Im Interview mit DW-WORLD.DE antwortet Professor Eike Weber vom Fraunhoferinsitut für Solare Energiesystem in Freiburg. Das 1981 gegründete Institut hat inzwischen über 800 Mitarbeiter und gilt als weltweit führend in der Solarenergieforschung. Vor allem steigern die Forscher die Leistungsfähigkeit und Wirtschaftlichkeit von Solarzellen, so dass diese gegenüber der konventionellen Stromproduktion immer konkurrenzfähiger werden. Mehrere Weltrekorde erzielten die Forscher in der Solarforschung.

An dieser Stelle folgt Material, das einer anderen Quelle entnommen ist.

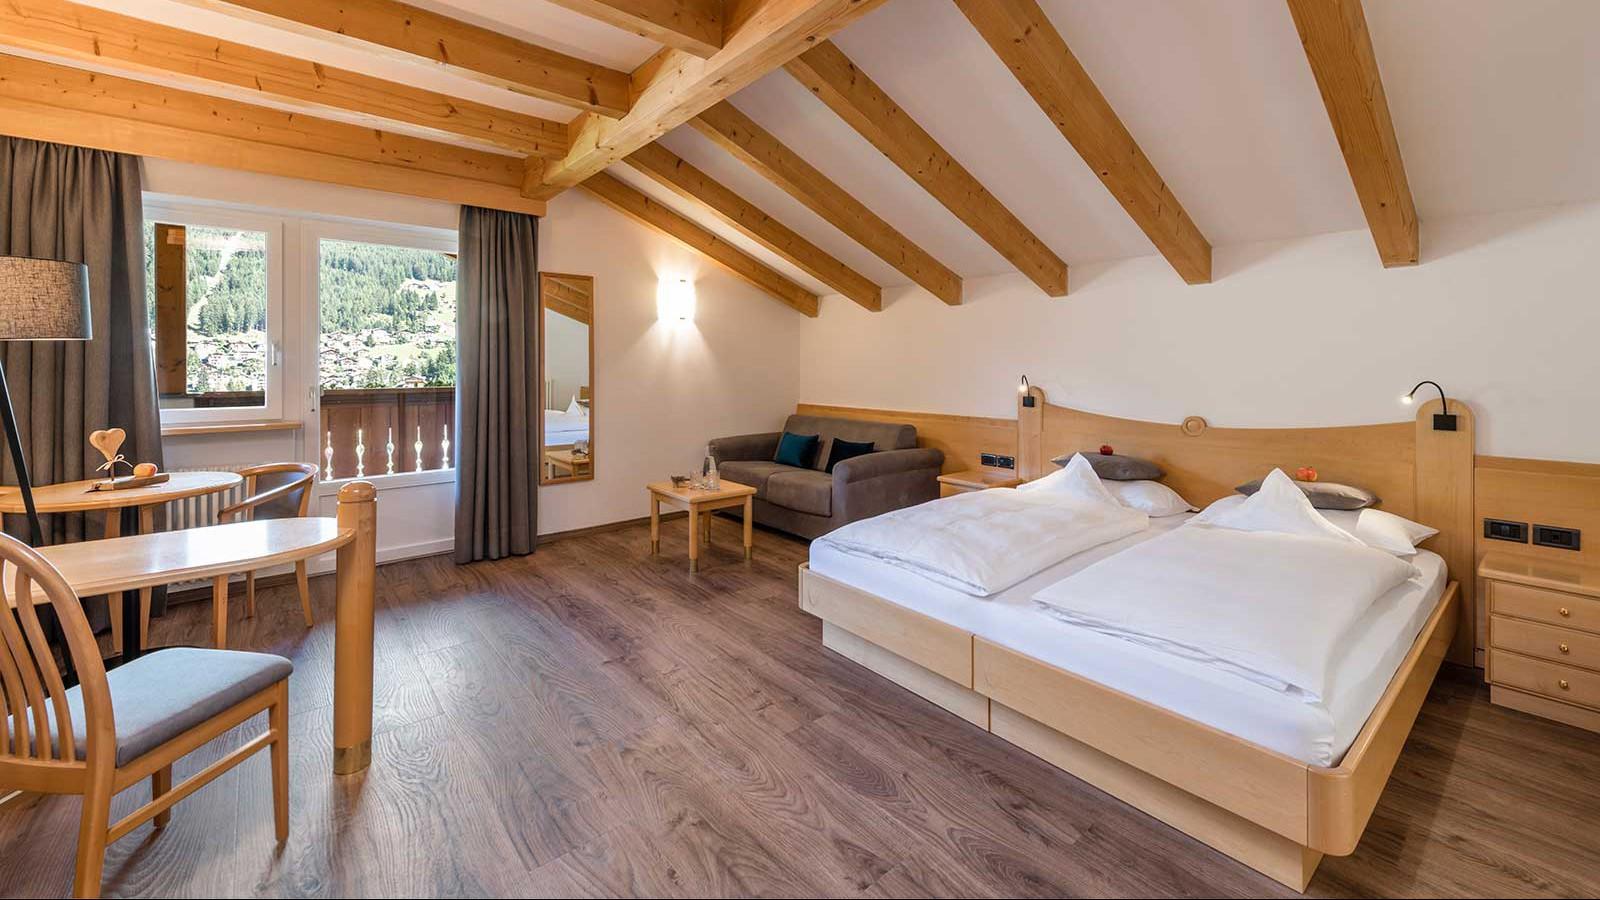 Alpenhotel Rainell  - Rooms

Herr Weber, die Sonnenenergie boomt. Wärme und Strom wird auf Dächern erzeugt, solarthermische Großkraftwerke und große Photovoltaikparks produzieren immer kostengünstiger Strom. Die Weiterentwicklung der Fotovoltaik schreitet schnell voran. Wohin gehen die Entwicklungen?

Weber: Die Entwicklung geht erstens dahin, die Kosten der Sonnenenergie immer weiter zu senken und damit konkurrenzfähig zu werden, zunächst gegenüber den Haushaltsstrompreisen und dann gegenüber den Erzeugungskosten anderer Energiearten bis hin zur Kernenergie. Und wir sind da tatsächlich auf einem sehr guten Weg, denn durch die höheren Produktionsvolumina und durch entscheidende technische Fortschritte und Innovationen werden die Kosten gesenkt und die Effizienz erhöht.

Derzeit wird der Solarstrom noch bezuschusst und ist nicht konkurrenzfähig, ist denn da schon ein Ende absehbar?

Weber: Ja, das Ende ist sehr nahe, denn wir können aus den in Deutschland bestehenden Regelungen abschätzen, dass schon 2013 der Solarstrom gleich viel kostet wie der Haushaltsstrom oder sogar billiger sein wird. Das heißt, wenn jemand sich eine Solaranlage auf das Haus setzt, kann er schon konkret Geld sparen, selbst ohne Einspeisetarif, weil er dann seinen eigenen Strom günstiger produziert, als was er dem Elektrizitätswerk zahlen muss.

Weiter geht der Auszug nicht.